What is the eviction-risk score for census tract 17089853001?

Census tract 17089853001 in the Exposition View neighborhood scores 1.7/10 (Lower tier). The Eviction Risk Score blends state law, county filing rates, parent-city politics, and tract-specific rent-to-income ratios + poverty signals.
Q2

What is the average rent in tract 17089853001?

Median gross rent is $1,764/month (ACS 5-year 2023, table B25064). 24% of renter households are cost-burdened.
Q3

What is the poverty rate in tract 17089853001?

3.9% of residents in tract 17089853001 live below the federal poverty line (ACS B17001, 2023). Population: 3,910.
Q4

How socially vulnerable is tract 17089853001?

CDC Social Vulnerability Index ranks this tract in the 30th percentile nationally. Sub-themes: socioeconomic 27th, household 45th, minority 68th, housing 23th.
Q5

Is tract 17089853001 considered part of Exposition View?
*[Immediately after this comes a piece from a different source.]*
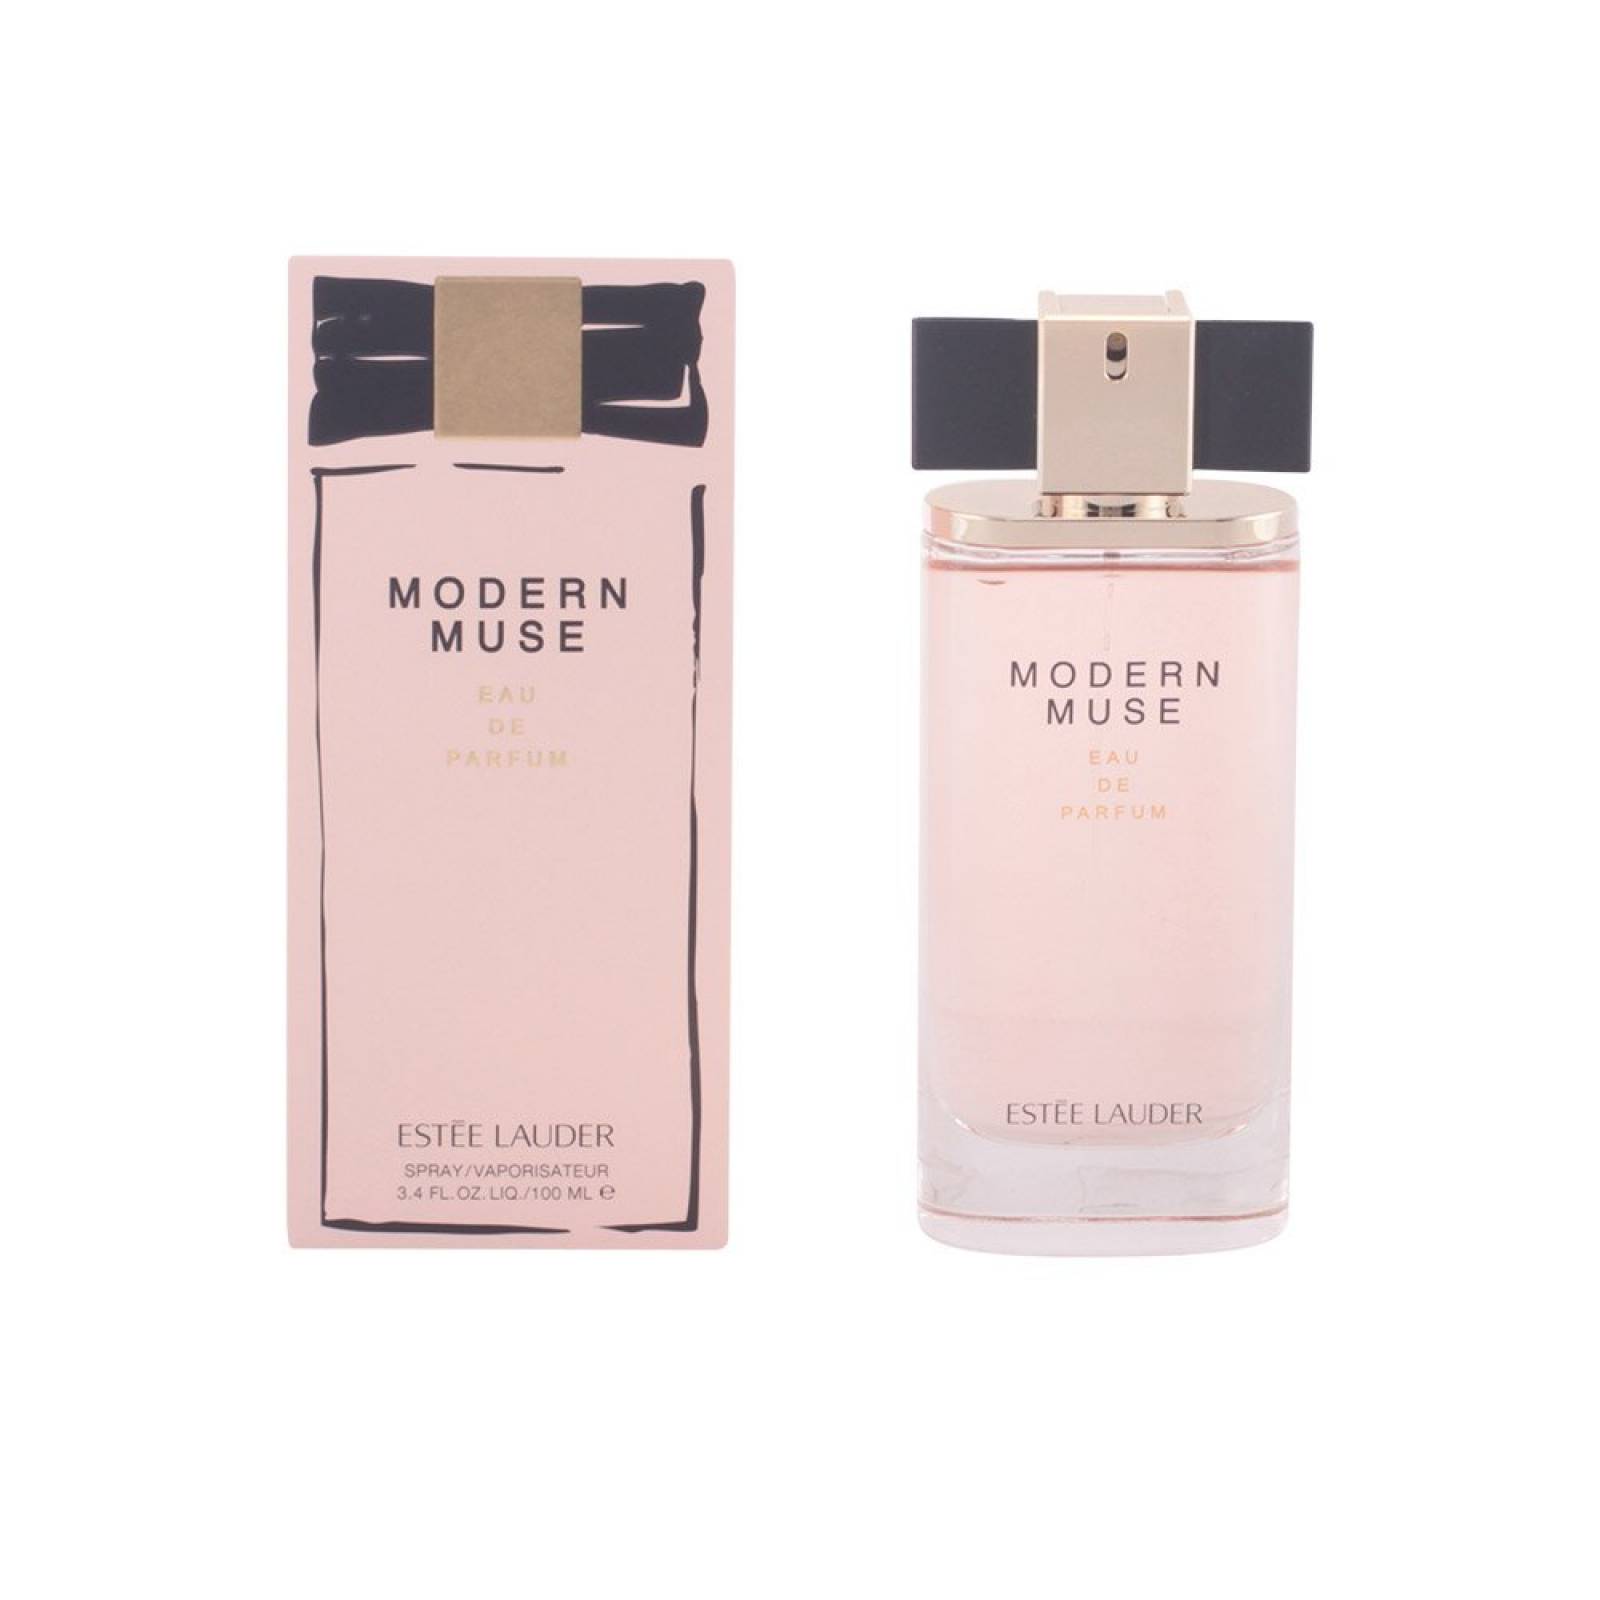 Modern Muse De Estee Lauder Eau de Parfum 100 ml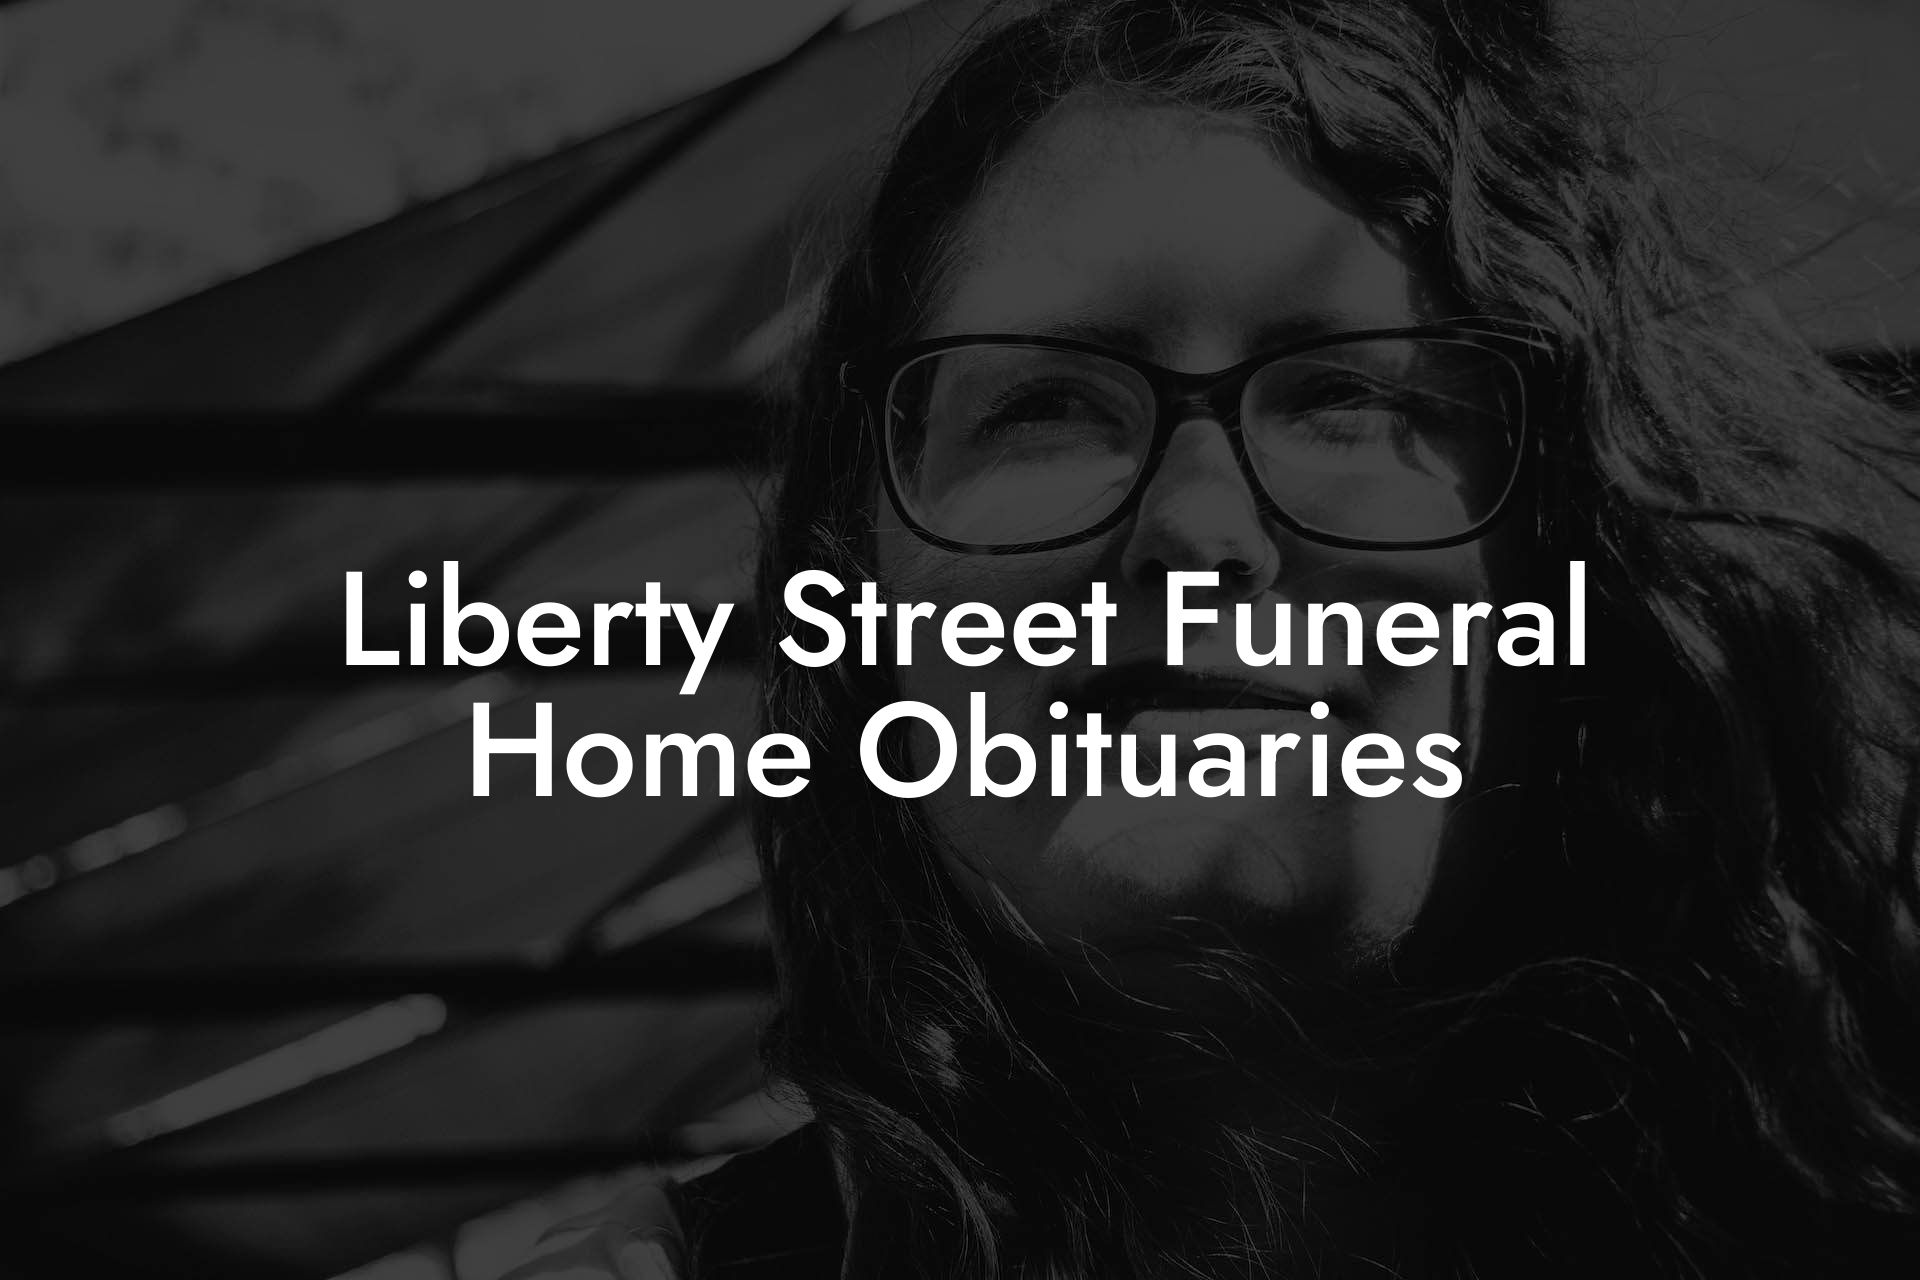 Liberty Street Funeral Home Obituaries

Yes. Per Census Bureau 2020 Block Assignment Files, the plurality of blocks in tract 17089853001 fall within Exposition View (neighborhood centroid within 1.2 miles, OSM data).
Q6

How many evictions are filed each year in tract 17089853001?

Princeton Eviction Lab recorded 62 eviction filings across 3 validated years in tract 17089853001 (2000-2018). The average annual filing rate is 25.48% of renter households, peaking at 25.8% in 2009. Source: Eviction Lab tract-validated 2024 release.
Q7

What share of households in tract 17089853001 struggle to pay rent?

About 10.7% of adults in this tract reported housing insecurity (could not pay rent or mortgage in the past 12 months), per the CDC PLACES 2023 model-based small-area estimate. 6.0% also reported utility shutoff threats, a frequent precursor to eviction filings.
Q8

How does tract 17089853001 compare to Aurora overall?

Tract 17089853001 scores 1.7/10, lower than the parent city of Aurora at 4.2/10. City-scale signals (state law, local rent controls, court bias) are inherited from Aurora eviction risk; what makes this tract different are its tract-specific economic stress and supply-constraint sub-scores.
Sibling tracts

Highest-risk tracts in Aurora

Top eight tracts in Aurora ranked by composite eviction-risk score.